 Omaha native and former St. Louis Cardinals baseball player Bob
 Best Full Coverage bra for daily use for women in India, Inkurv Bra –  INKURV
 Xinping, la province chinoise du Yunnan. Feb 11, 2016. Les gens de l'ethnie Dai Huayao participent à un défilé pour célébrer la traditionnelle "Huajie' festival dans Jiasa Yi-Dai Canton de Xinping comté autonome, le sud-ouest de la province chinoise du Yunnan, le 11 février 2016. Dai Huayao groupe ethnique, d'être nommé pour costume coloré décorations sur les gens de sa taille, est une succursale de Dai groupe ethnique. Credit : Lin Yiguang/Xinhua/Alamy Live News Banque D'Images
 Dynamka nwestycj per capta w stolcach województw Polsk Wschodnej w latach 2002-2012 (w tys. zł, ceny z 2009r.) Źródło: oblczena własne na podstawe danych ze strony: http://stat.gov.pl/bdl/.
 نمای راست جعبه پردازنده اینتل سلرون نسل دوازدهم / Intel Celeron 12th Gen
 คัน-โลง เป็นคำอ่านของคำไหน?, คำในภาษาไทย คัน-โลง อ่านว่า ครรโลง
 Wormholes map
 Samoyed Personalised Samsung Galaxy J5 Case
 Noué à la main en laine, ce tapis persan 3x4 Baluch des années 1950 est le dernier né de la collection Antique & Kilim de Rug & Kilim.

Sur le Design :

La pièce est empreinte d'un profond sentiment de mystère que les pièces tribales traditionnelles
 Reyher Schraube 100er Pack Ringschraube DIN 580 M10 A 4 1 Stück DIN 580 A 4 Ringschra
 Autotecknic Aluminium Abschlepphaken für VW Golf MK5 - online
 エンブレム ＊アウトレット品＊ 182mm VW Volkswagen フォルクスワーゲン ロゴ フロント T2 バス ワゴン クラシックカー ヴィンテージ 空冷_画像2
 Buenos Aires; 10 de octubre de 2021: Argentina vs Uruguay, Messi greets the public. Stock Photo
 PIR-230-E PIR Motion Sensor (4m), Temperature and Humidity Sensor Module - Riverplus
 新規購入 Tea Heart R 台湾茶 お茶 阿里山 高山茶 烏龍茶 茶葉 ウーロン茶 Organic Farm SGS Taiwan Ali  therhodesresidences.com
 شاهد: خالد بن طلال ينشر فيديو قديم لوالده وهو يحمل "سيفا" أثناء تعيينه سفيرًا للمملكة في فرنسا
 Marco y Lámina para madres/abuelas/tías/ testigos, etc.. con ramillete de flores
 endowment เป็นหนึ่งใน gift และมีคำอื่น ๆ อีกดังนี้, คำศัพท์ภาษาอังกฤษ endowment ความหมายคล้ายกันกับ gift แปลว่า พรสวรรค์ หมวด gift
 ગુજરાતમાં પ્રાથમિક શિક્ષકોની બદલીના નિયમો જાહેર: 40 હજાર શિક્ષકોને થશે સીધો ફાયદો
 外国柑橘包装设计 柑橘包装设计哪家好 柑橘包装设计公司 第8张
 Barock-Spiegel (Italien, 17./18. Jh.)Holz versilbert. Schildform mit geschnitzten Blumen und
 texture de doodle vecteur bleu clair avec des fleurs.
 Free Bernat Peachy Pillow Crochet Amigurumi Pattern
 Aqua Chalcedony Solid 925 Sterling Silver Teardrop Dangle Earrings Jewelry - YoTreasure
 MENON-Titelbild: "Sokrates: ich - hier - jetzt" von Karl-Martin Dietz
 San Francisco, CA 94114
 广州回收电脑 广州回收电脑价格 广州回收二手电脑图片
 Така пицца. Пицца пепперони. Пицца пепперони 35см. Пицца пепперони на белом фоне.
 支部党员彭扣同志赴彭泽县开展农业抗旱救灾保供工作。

********************

Reproduce verbatim the lines above, from the line with "نمای راست جعبه" through the line with "エンブレム ＊アウトレット品＊ 182mm".

 نمای راست جعبه پردازنده اینتل سلرون نسل دوازدهم / Intel Celeron 12th Gen
 คัน-โลง เป็นคำอ่านของคำไหน?, คำในภาษาไทย คัน-โลง อ่านว่า ครรโลง
 Wormholes map
 Samoyed Personalised Samsung Galaxy J5 Case
 Noué à la main en laine, ce tapis persan 3x4 Baluch des années 1950 est le dernier né de la collection Antique & Kilim de Rug & Kilim.

Sur le Design :

La pièce est empreinte d'un profond sentiment de mystère que les pièces tribales traditionnelles
 Reyher Schraube 100er Pack Ringschraube DIN 580 M10 A 4 1 Stück DIN 580 A 4 Ringschra
 Autotecknic Aluminium Abschlepphaken für VW Golf MK5 - online
 エンブレム ＊アウトレット品＊ 182mm VW Volkswagen フォルクスワーゲン ロゴ フロント T2 バス ワゴン クラシックカー ヴィンテージ 空冷_画像2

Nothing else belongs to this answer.